§ **GOAL OF THE EXERCISE**
Copy nothing but the lines running from the one containing "倍思 Baseus E3" through the end of the listing below. Drop the pictures.

§ **GIVEN DATA**
========================================
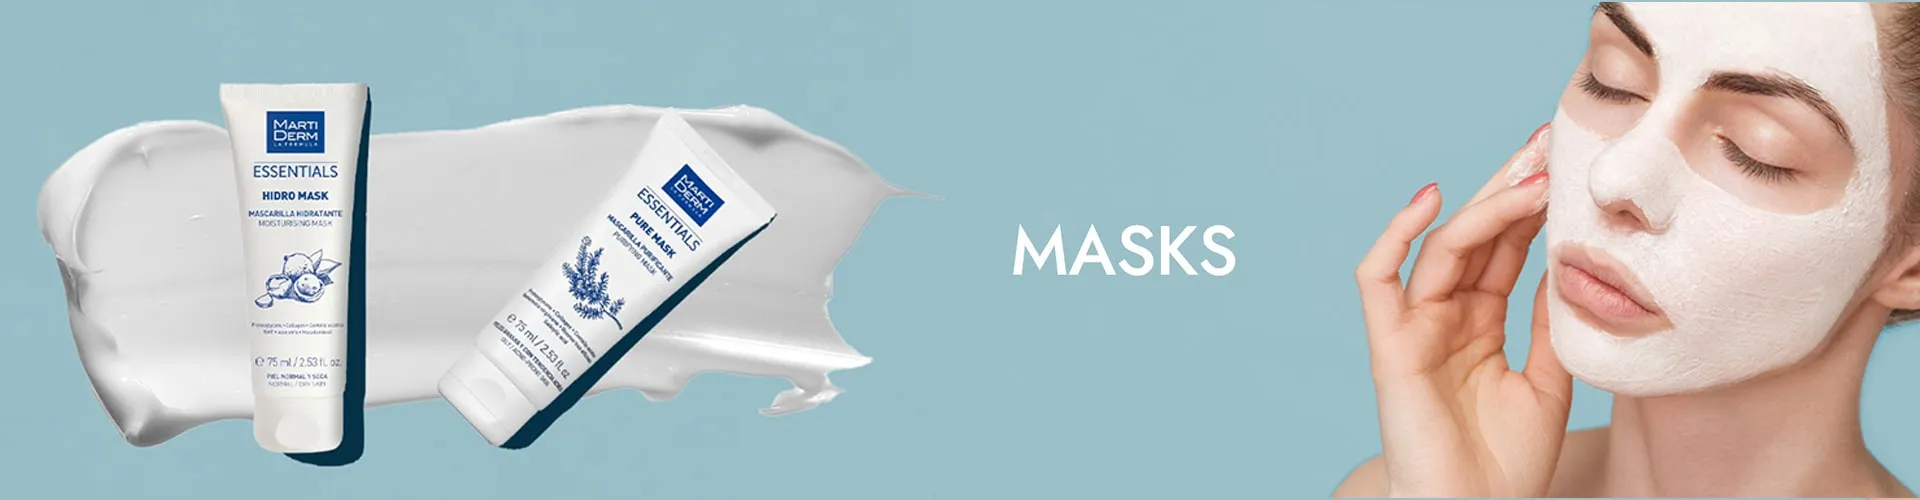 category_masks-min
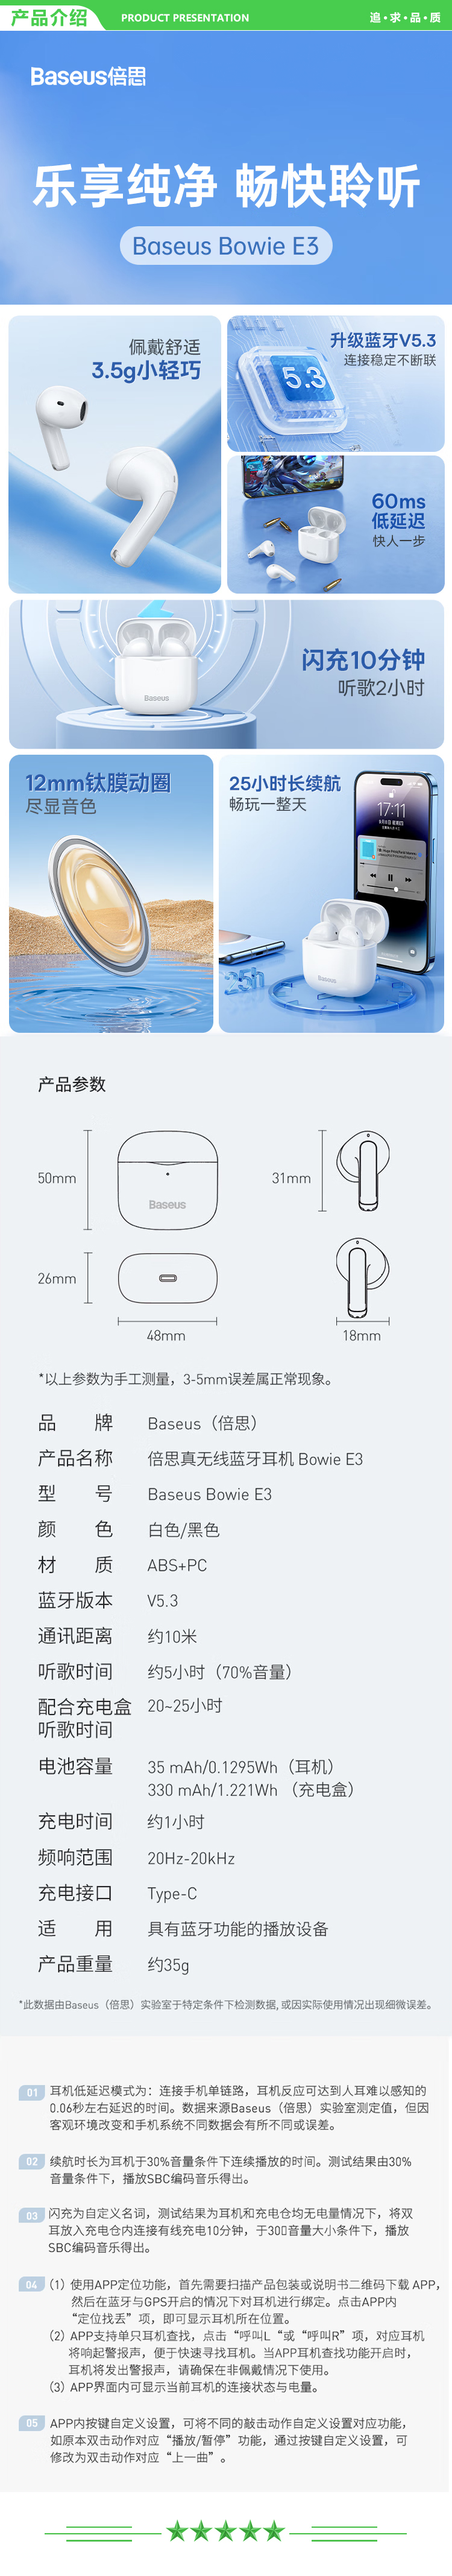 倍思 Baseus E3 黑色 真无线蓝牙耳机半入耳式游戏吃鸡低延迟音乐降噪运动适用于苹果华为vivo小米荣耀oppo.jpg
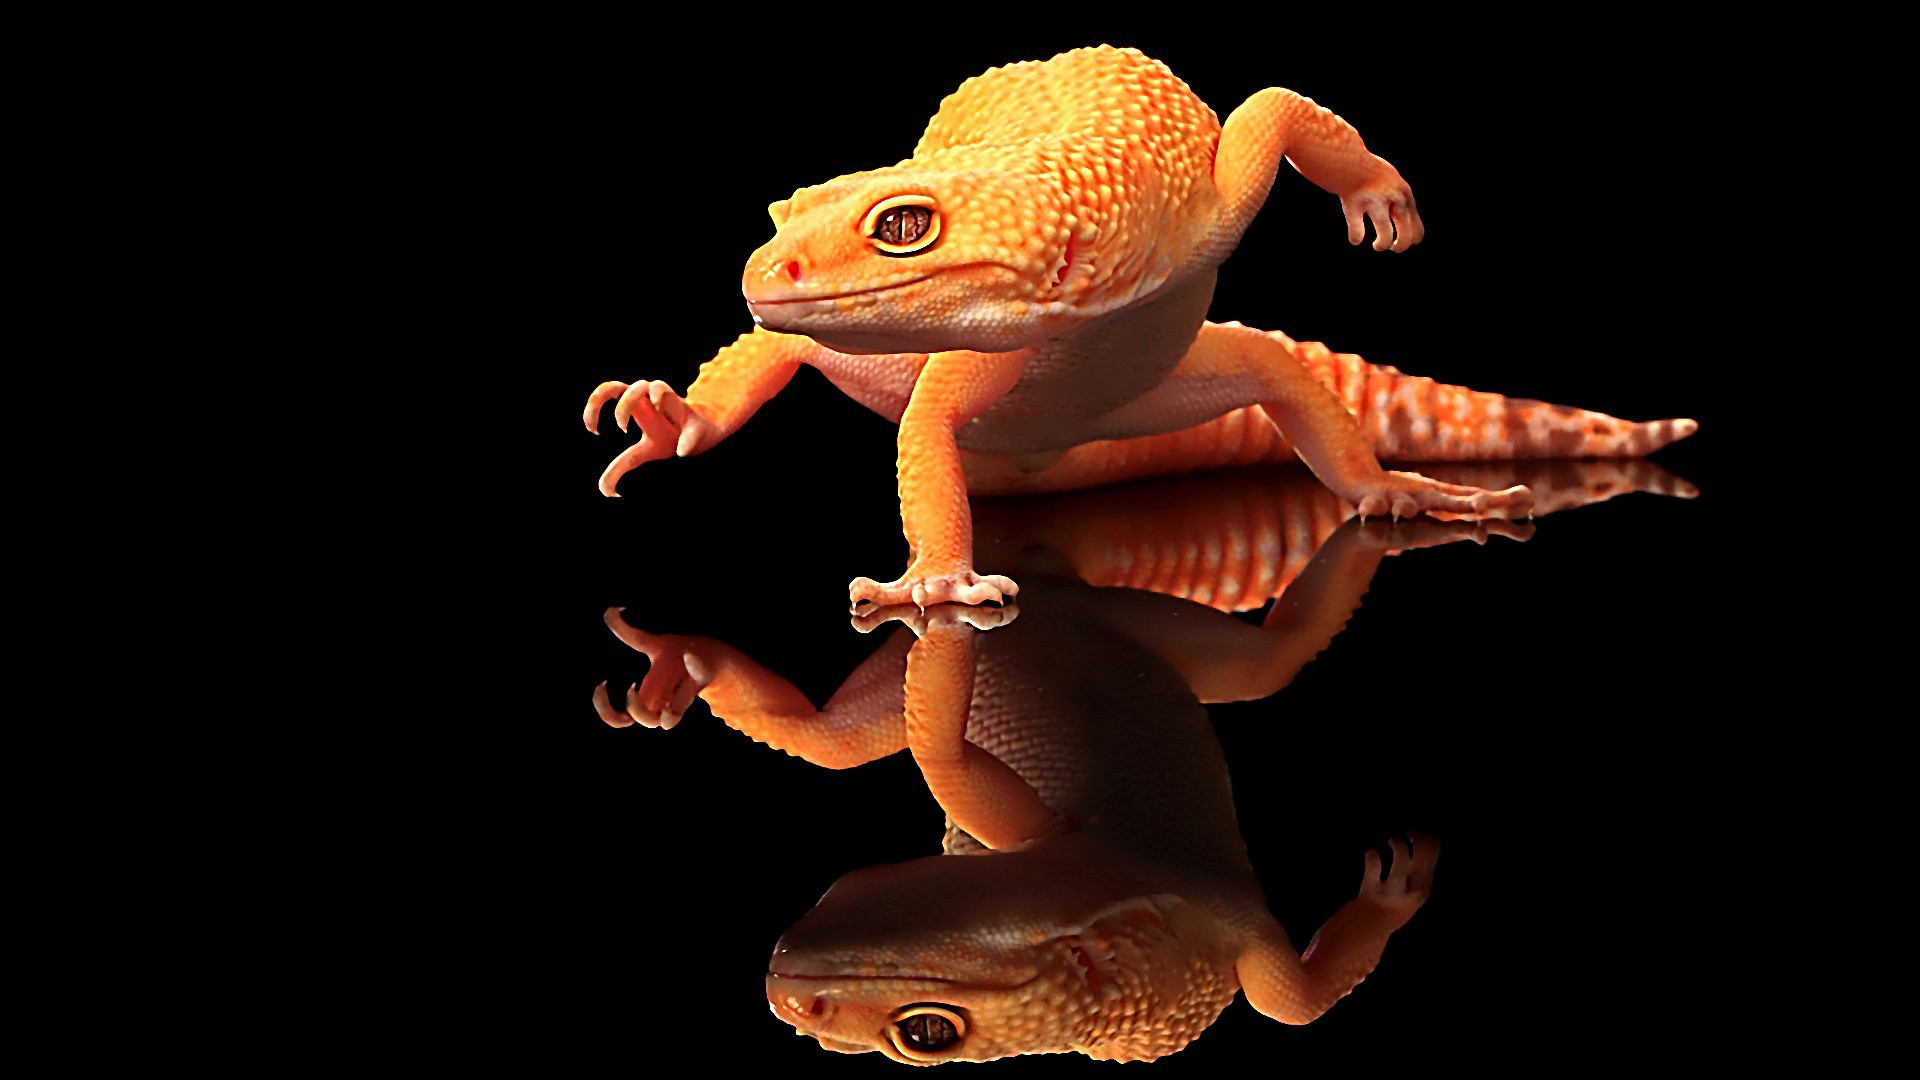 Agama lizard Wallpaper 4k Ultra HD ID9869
========================================
§ **OUTPUT FOR THIS TASK**
 倍思 Baseus E3 黑色 真无线蓝牙耳机半入耳式游戏吃鸡低延迟音乐降噪运动适用于苹果华为vivo小米荣耀oppo.jpg
 Agama lizard Wallpaper 4k Ultra HD ID9869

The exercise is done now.